The city of light became a beacon of leadership Sunday when more than 40 heads of state came together to denounce terrorism, with one glaring exception: the lack of a high-ranking U.S. official.
French President Francois Hollande, German Chancellor Angela Merkel, British Prime Minister David Cameron and dozens of other world leaders — including Israeli Prime Minister Benjamin Netanyahu and Palestinian Authority President Mahmoud Abbas — all took part in the powerful denunciation of last week’s terror attacks that left 17 innocents dead. But the nation that stands as the symbolic face of the war on terror was nowhere in sight.
Neither President Obama nor Vice President Biden showed up — and in fact, America’s only representative was its relatively unknown and low-profile ambassador to France. Obama and Biden had empty public schedules Sunday, but the White House declined to comment on why they didn’t go.
The natural choice — Secretary of State Kerry, a Francophile who speaks the language — was in India for a longstanding engagement with the prime minister, White House officials said.

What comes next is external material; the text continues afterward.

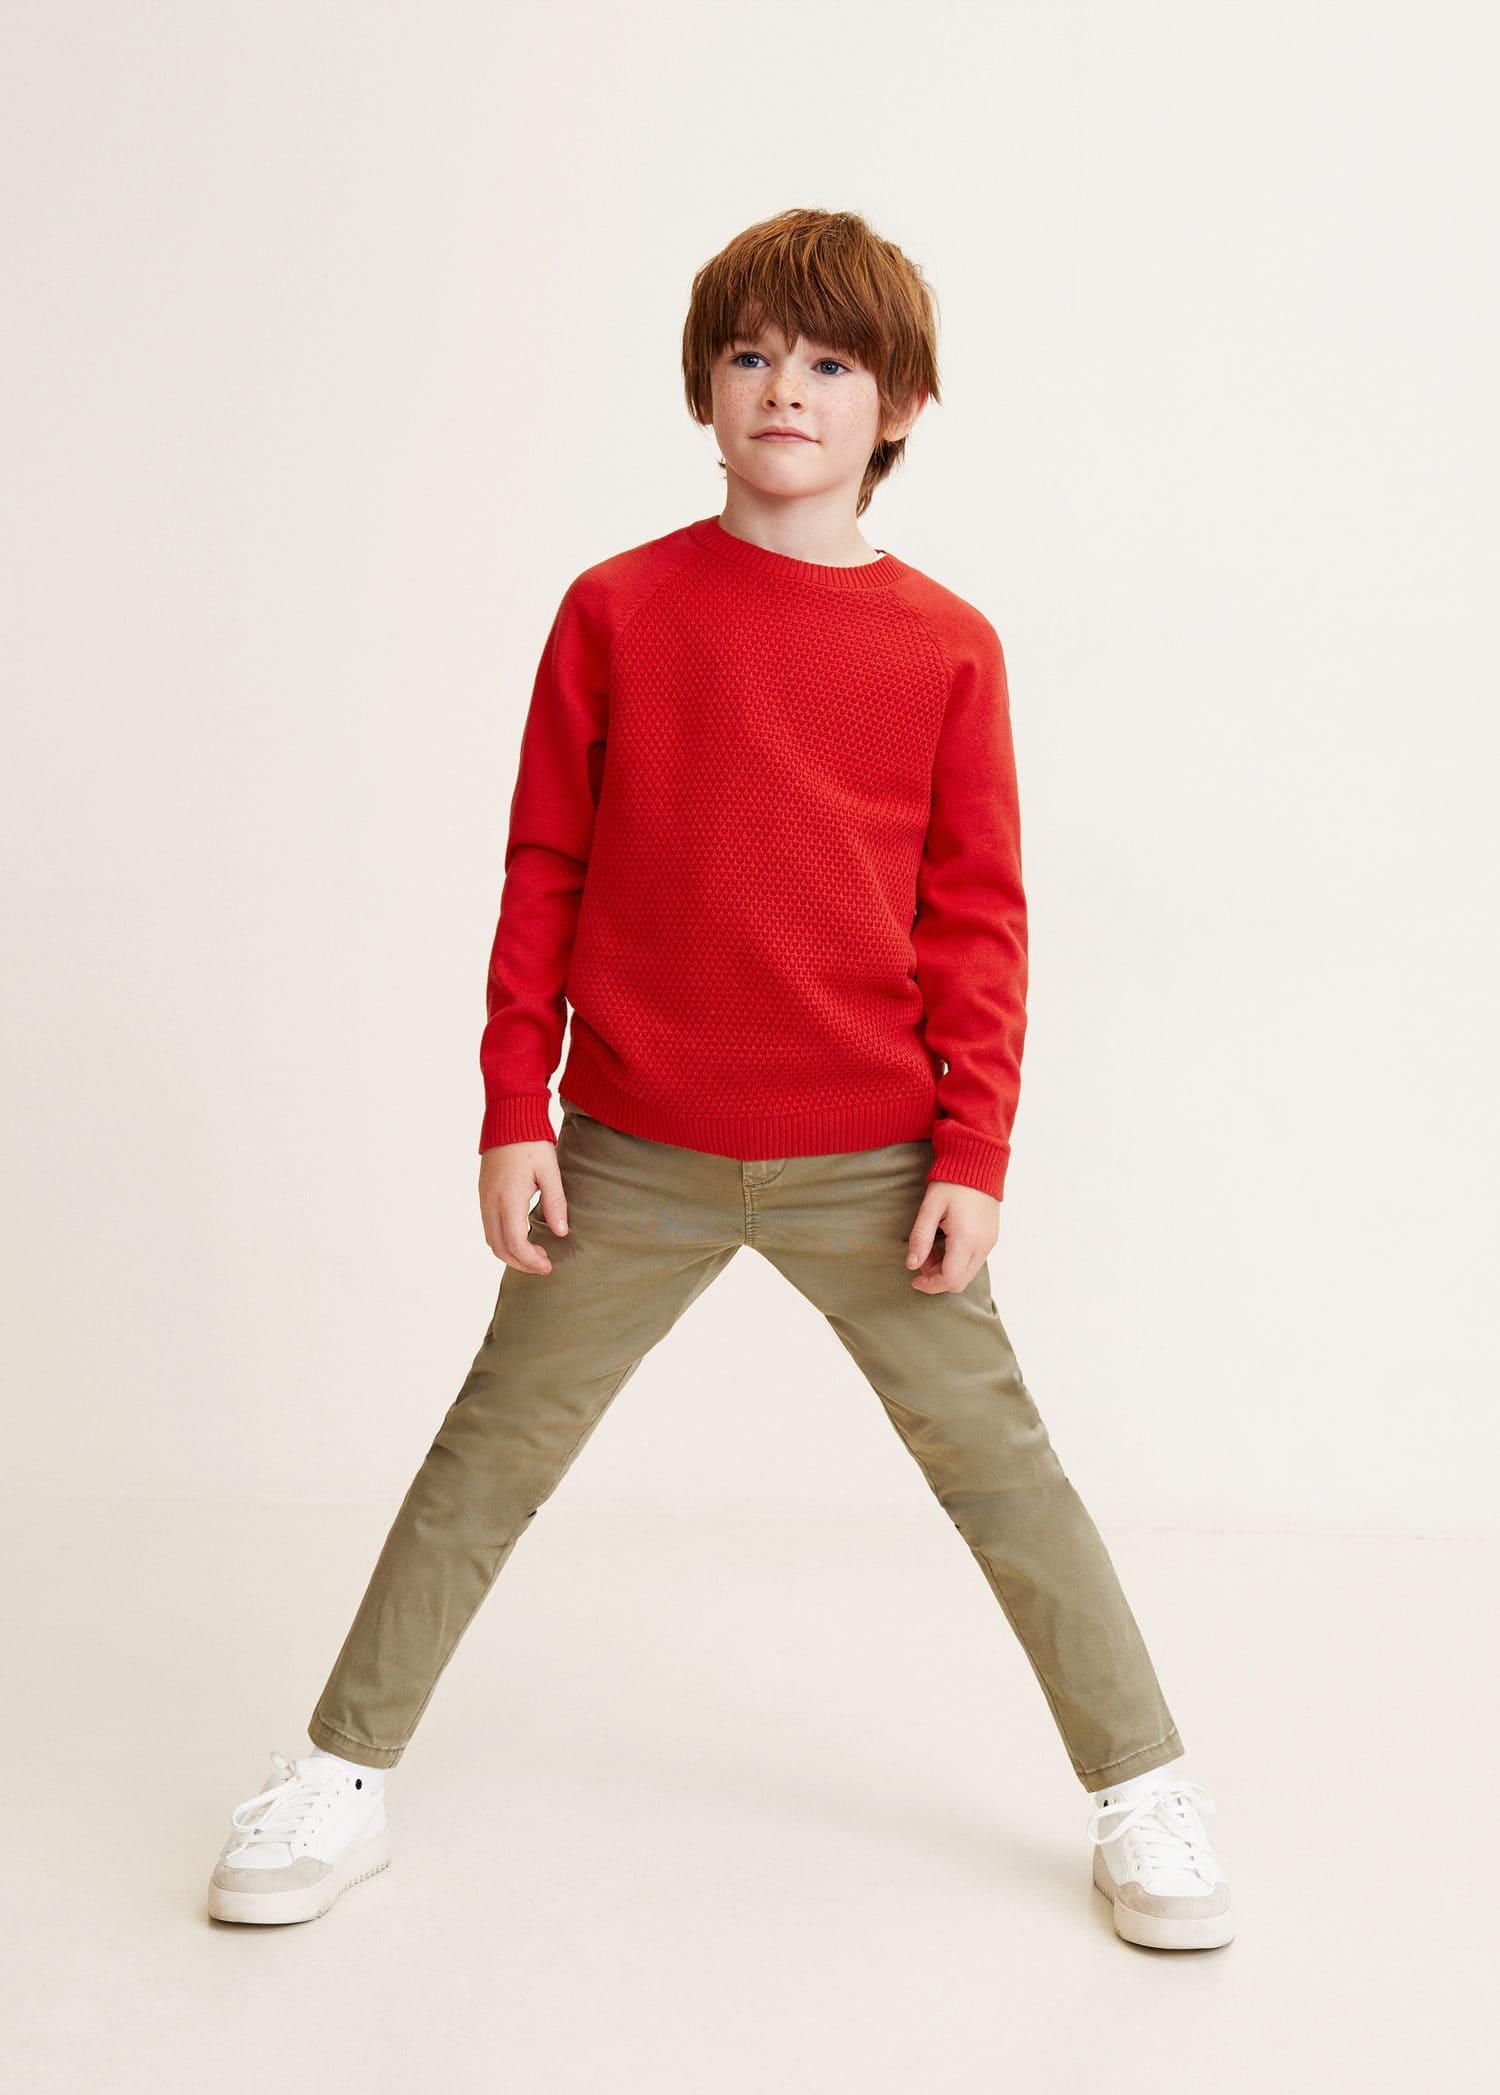 Koftor och varma tröjor för Pojke 2020 | OUTLET Sverige

Attorney General Eric Holder did go to Paris — but only for an anti-terrorism summit convened by Hollande ahead of the unity rally.
Holder left Hollande and the others sometime after the group exited the Elysee Palace. Around the time other world leaders and dignitaries boarded buses to get to the front of the march, Holder was taping an interview for “Meet the Press,” NBC confirmed.
The White House said the attorney general was returning to the U.S. on Sunday night, The New York Times reported. That left ambassador Jane Hartley, head of a political consulting firm and former Obama campaign bundler who amassed more than $500,000, to carry the torch.
“If the highest-ranking official is an ambassador, I would say that’s a serious mistake,” said Rep. Pete King (R-L.I.), noting that America has asked other countries for troops in Afghanistan and Syria. “We are looking for cooperation from around the world . . . we should have had someone there who is instantly recognizable (so people) see . . . the face and say that’s the United States of America,’ ” he said.
Obama has made several public statements of support for Hollande, and U.S. security agencies are in near-constant communication with France, a senior Obama official said. The official also suggested that security for Obama and Biden might have been too distracting — but that didn’t seem to be the case for other world leaders, including Israel’s Netanyahu, who after the march went to a synagogue with Hollande and gave a speech.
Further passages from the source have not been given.